The diagnosis of lymph node metastases depends mainly on locally increased 18F-FDG uptake. Thus differences between PET/CT and PET/MR imaging may not be expected in N staging. This theory is supported by the available literature [13, 37]. However, visual detectability and exact alignment of the two datasets for 18F-FDG-avid lymph nodes are important for further staging examinations (e.g. endobronchial ultrasound-guided transbronchial needle aspiration, follow-up examinations) and treatment planning. In this study, the transverse T2 BLADE sequence performed significantly better than the other MR sequences, including the T1 3D Dixon VIBE sequence. These findings are in line with the results of Jeong et al. in 12 patients, showing that the T1 3D Dixon VIBE sequence performed significantly worse in lymph node staging than contrast-enhanced PET/CT [38]. Significant differences were also observed between the transverse T2 BLADE and the coronal T2 HASTE sequences. These findings are comparable with the results of Both et al. who evaluated lung cancer patients using CT and MR imaging and showed that a transverse T2 TSE sequence was superior to a coronal HASTE sequence for lymph node staging [9].

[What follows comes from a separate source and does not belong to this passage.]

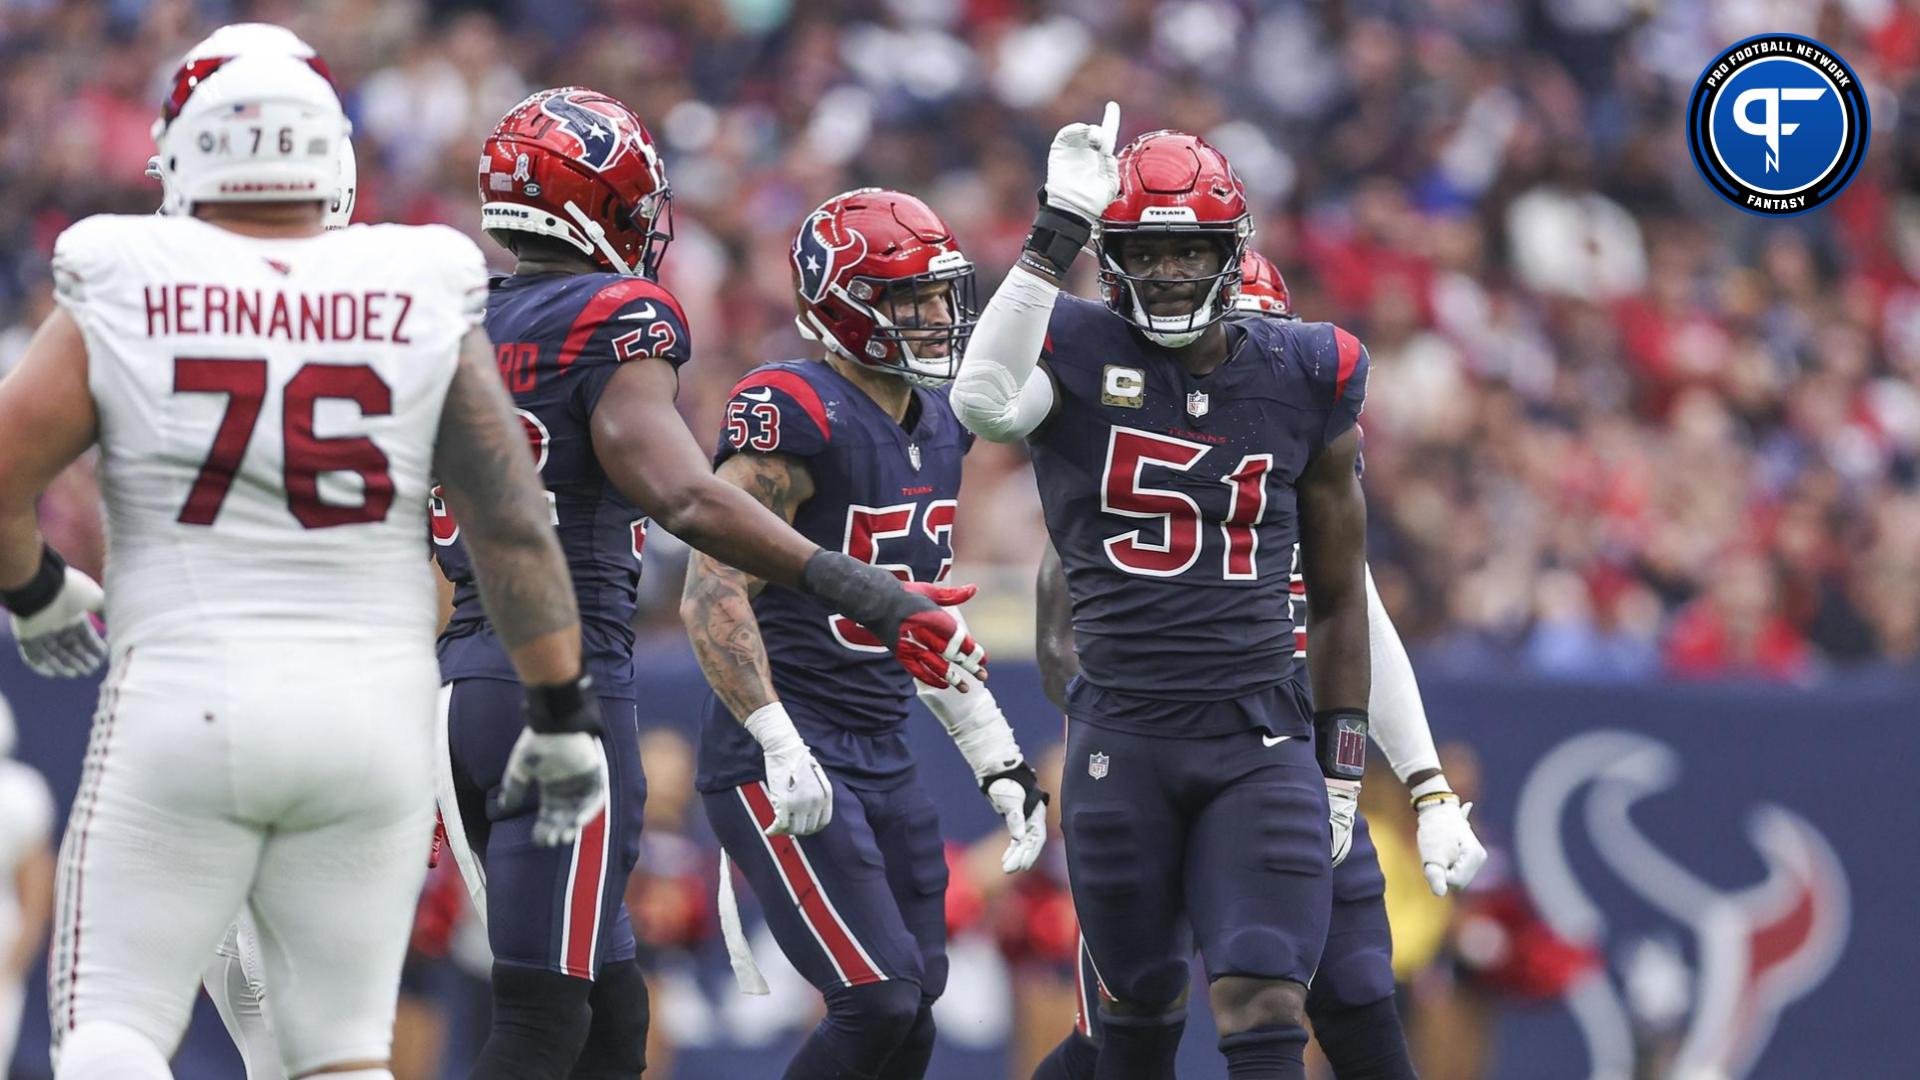 Houston Texans defensive end Will Anderson Jr. (51) reacts after making a tackle during the fourth quarter against the Arizona Cardinals at NRG Stadium.

This study had some limitations. Although all patients had a histopathological work-up, the number of analysed patients was small and the results should therefore be considered as preliminary. Since contrast-enhanced PET/CT is considered the most precise diagnostic method for thoracic imaging, a larger cohort of patients undergoing contrast-enhanced PET/CT and PET/MR imaging is needed to reliably evaluate differences between the two hybrid imaging modalities. Another limitation of this study was the lack of diagnostic VIBE sequences with high spatial resolution as part of the PET/MR protocol. As stated above, these have proven to be of enormous value in lung imaging in recent studies [8, 9, 30] and have already been used by Schwenzer et al. [12] and Fraioli et al. [39] in their studies on lung cancer imaging in PET/MR.

In conclusion, this study showed that the most accurate local tumour staging was achieved with a transverse T2 BLADE sequence, a transverse contrast-enhanced T1 FLASH sequence, a coronal T2 HASTE sequence and a coronal TrueFISP sequence. As the transverse T2 BLADE sequence had the lowest limits of agreement in relation to tumour size, and the highest visual detectability and the best alignment between the PET findings and the morphological correlate for primary tumours and lymph node metastases, it should be considered as a component of every PET/MR protocol for lung cancer evaluation. Although considered as sufficient by some authors, T1 3D Dixon VIBE in the context of this study showed the lowest accuracy in T staging and the widest limits of agreement in relation to tumour size in the transverse and coronal orientations. As visual detectability and alignment between the PET findings and the morphological correlate were low for primary tumours and lymph node metastases with the T1 3D Dixon VIBE sequence, T and N staging in NSCLC patients based on this sequence alone cannot be recommended according to the results of this study.